Toward the end of her second year in the fellowship program, Dr. Chalasani narrowed in on breast cancer and started to take a closer look at defective DNA repair capacity of tumors in patients with breast cancer. She found that tumors that have a defective DNA repair capacity respond differently to chemotherapy drugs. However, there isn’t a standardized way to look at the defective DNA strands in these patients, so she set her mind on the best way to analyze and repair the defective DNA.

She took advantage of the resources that the University of Arizona can provide, assembling a team of genomic and therapeutic researchers and developing a solid protocol and hypothesis that will potentially lead to a clinical trial.

During the process, however, Dr. Chalasani learned exactly what it takes to transition from an idea into a clinically applicable decision tool. She spoke of the dozens of essential practical steps that many physicians simply don’t think of when they’re coming up with theories. How many patients will it take to come up with statistically viable data? How much funding will the trial require, and where will that funding come from? How much funding gets set aside for data managers, shipping fees or simple office supplies?

This is where mentorship plays a vital role. A handful of the UA Cancer Center’s top faculty members, including breast cancer multidisciplinary team leaders Robert Livingston, MD, and Alison Stopeck, MD, took an interest in Dr. Chalasani’s development and provided her with support every step of the way.

“Dr. Stopeck is such an amazing resource when it comes to writing protocols and grant proposals. She is one of the best editors I have met. She knows how to phrase things correctly, be it in a paper or in a proposal,” Dr. Chalasani said. “She is so generous with her time and her expertise.”

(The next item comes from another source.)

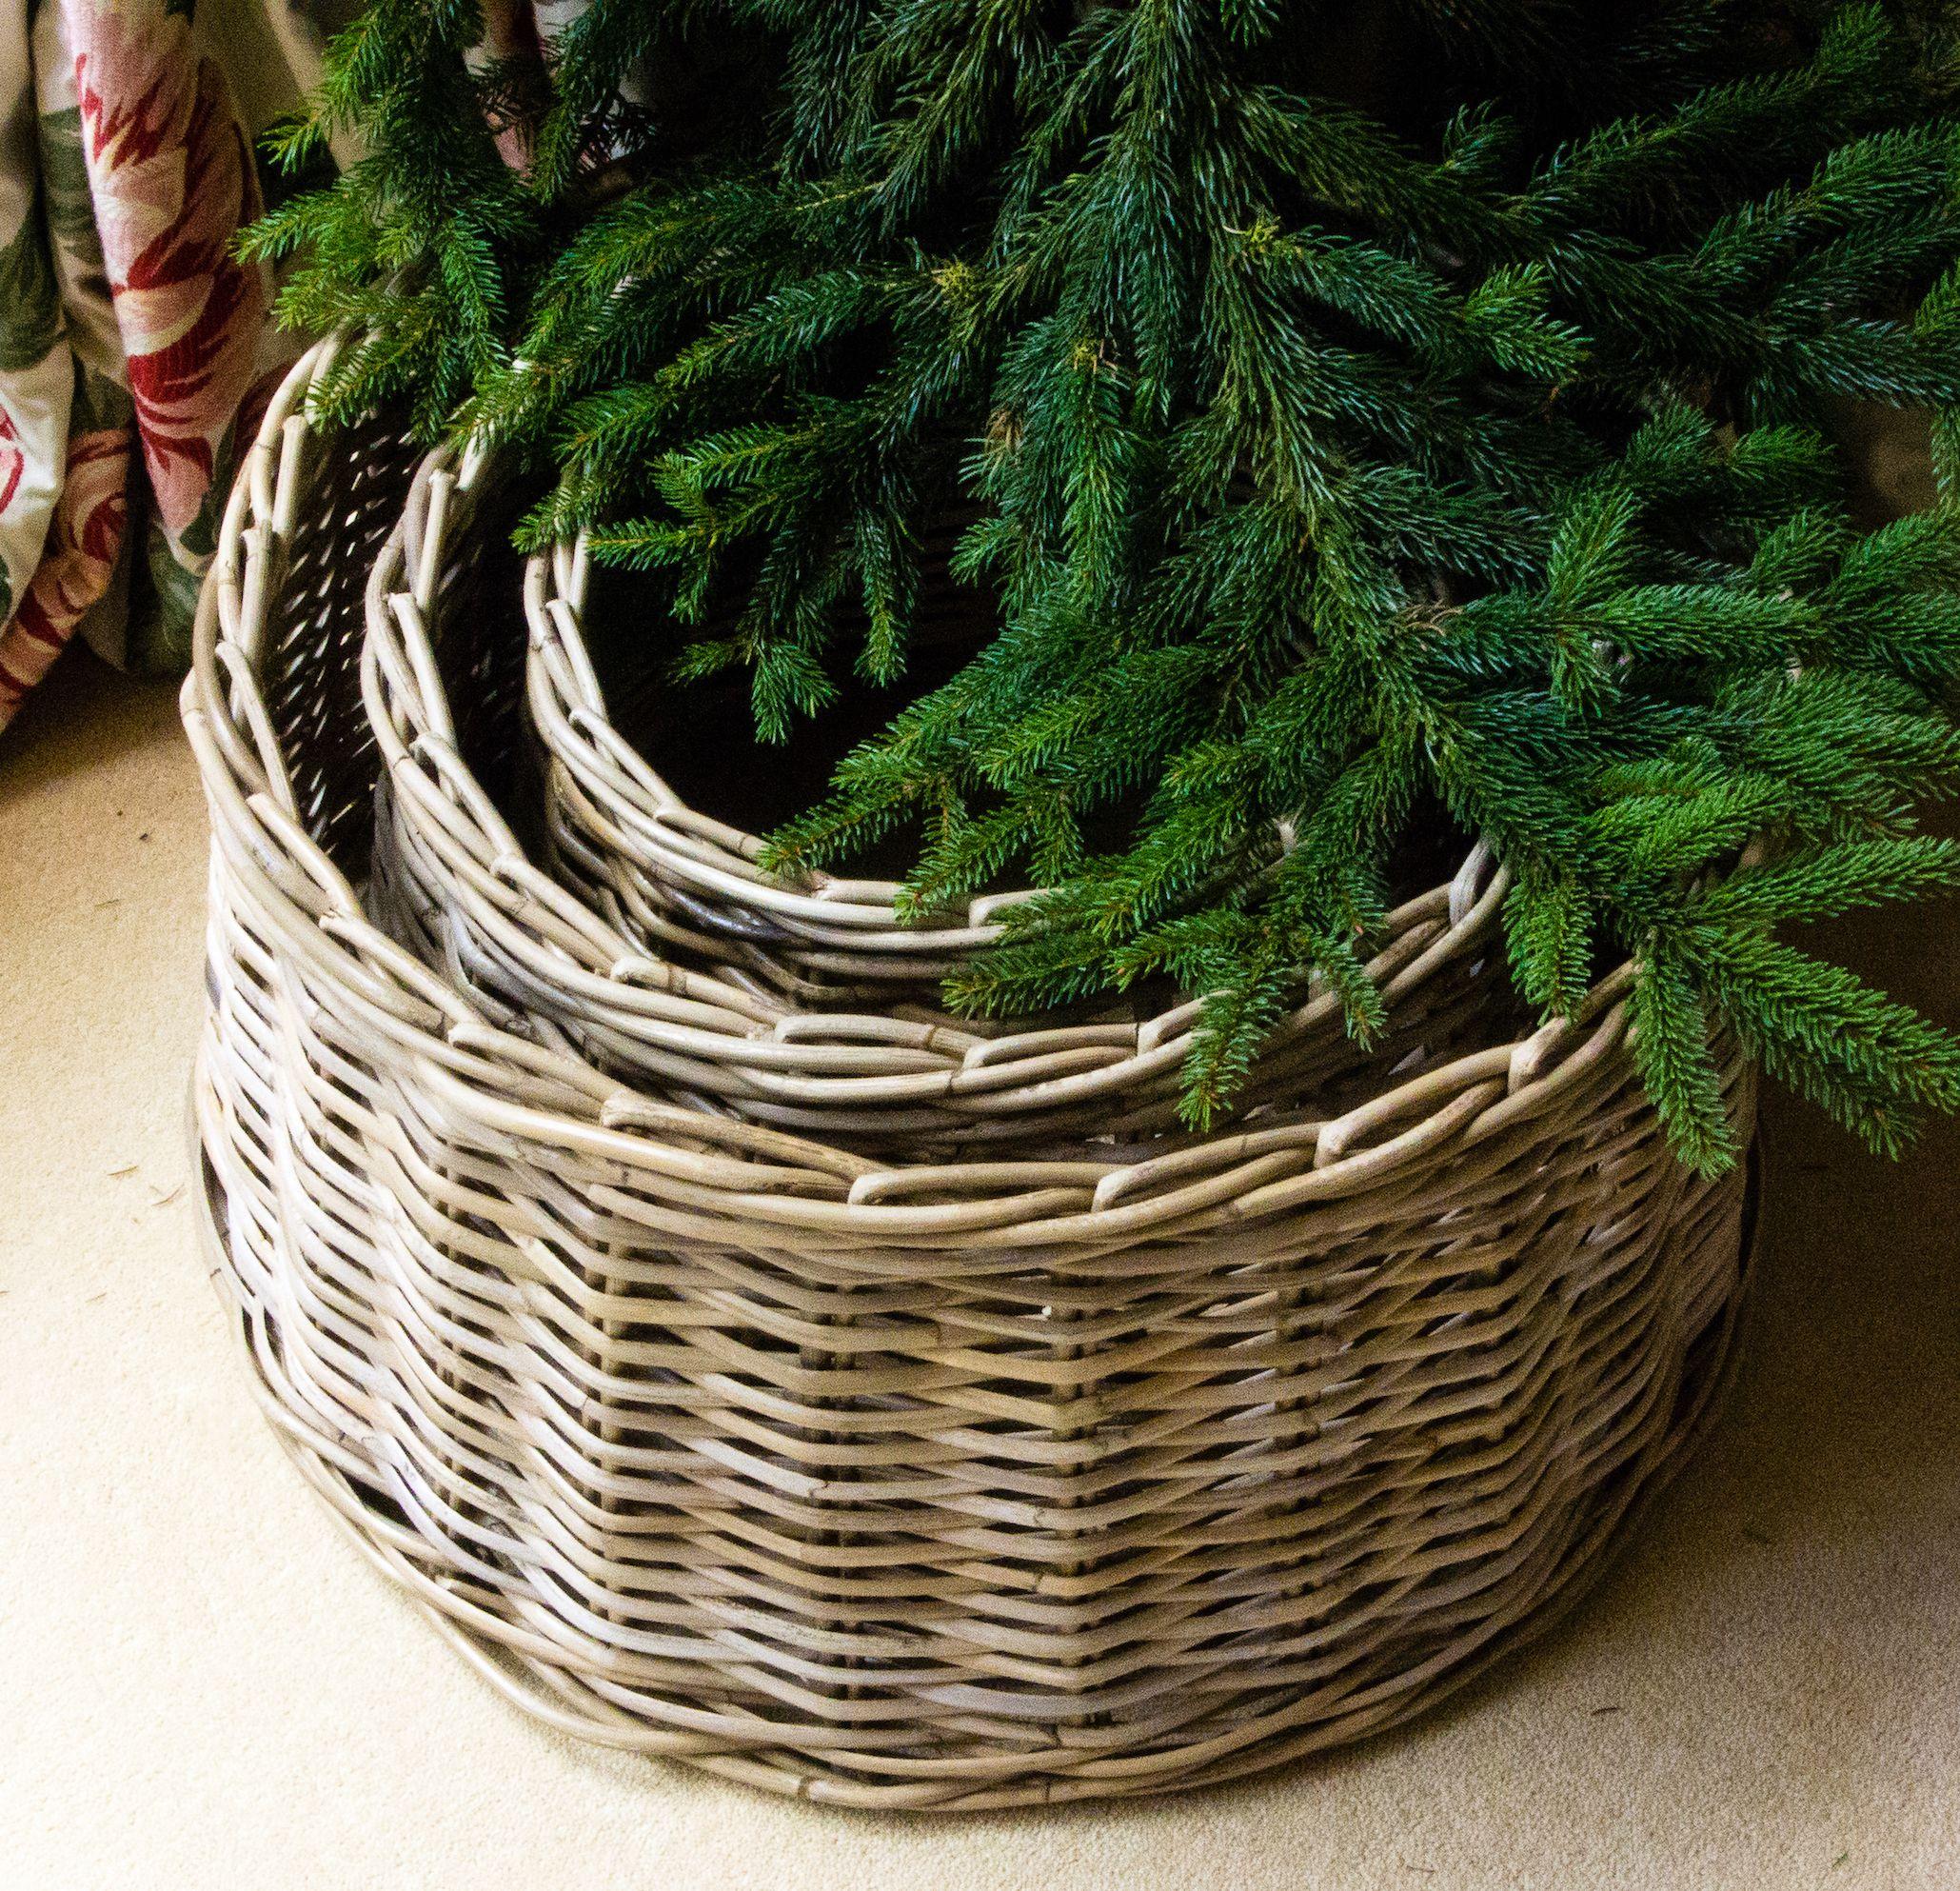 Best Christmas Tree Skirts Wicker Christmas Tree Skirts Gold

As for Dr. Livingston, Dr. Chalasani’s primary clinical mentor, this defective DNA repair project has been a career-long goal of his. Watching it take shape through the mentorship process has been particularly rewarding — for both of them.

“When everyone around you is thinking and innovating, it keeps you on your toes and it makes your work that much better,” she said. “The environment at the University of Arizona Cancer Center truly allows cutting-edge research to happen.”

As she moves from fellow to full-fledged faculty member, Dr. Chalasani will look to maintain a balance between her research projects and her first love — clinical care.

“I like research, but clinical care is what I love the most,” Dr. Chalasani said. “You really get to know someone and help see that person through the process. Those deep, personal connections you make are the most rewarding. The idea of targeted, personalized therapy wasn’t part of a patient’s treatment as recently as 10 years ago. Now, it’s within our grasp. It is through research where we are constantly figuring out new and better treatments for our patients.”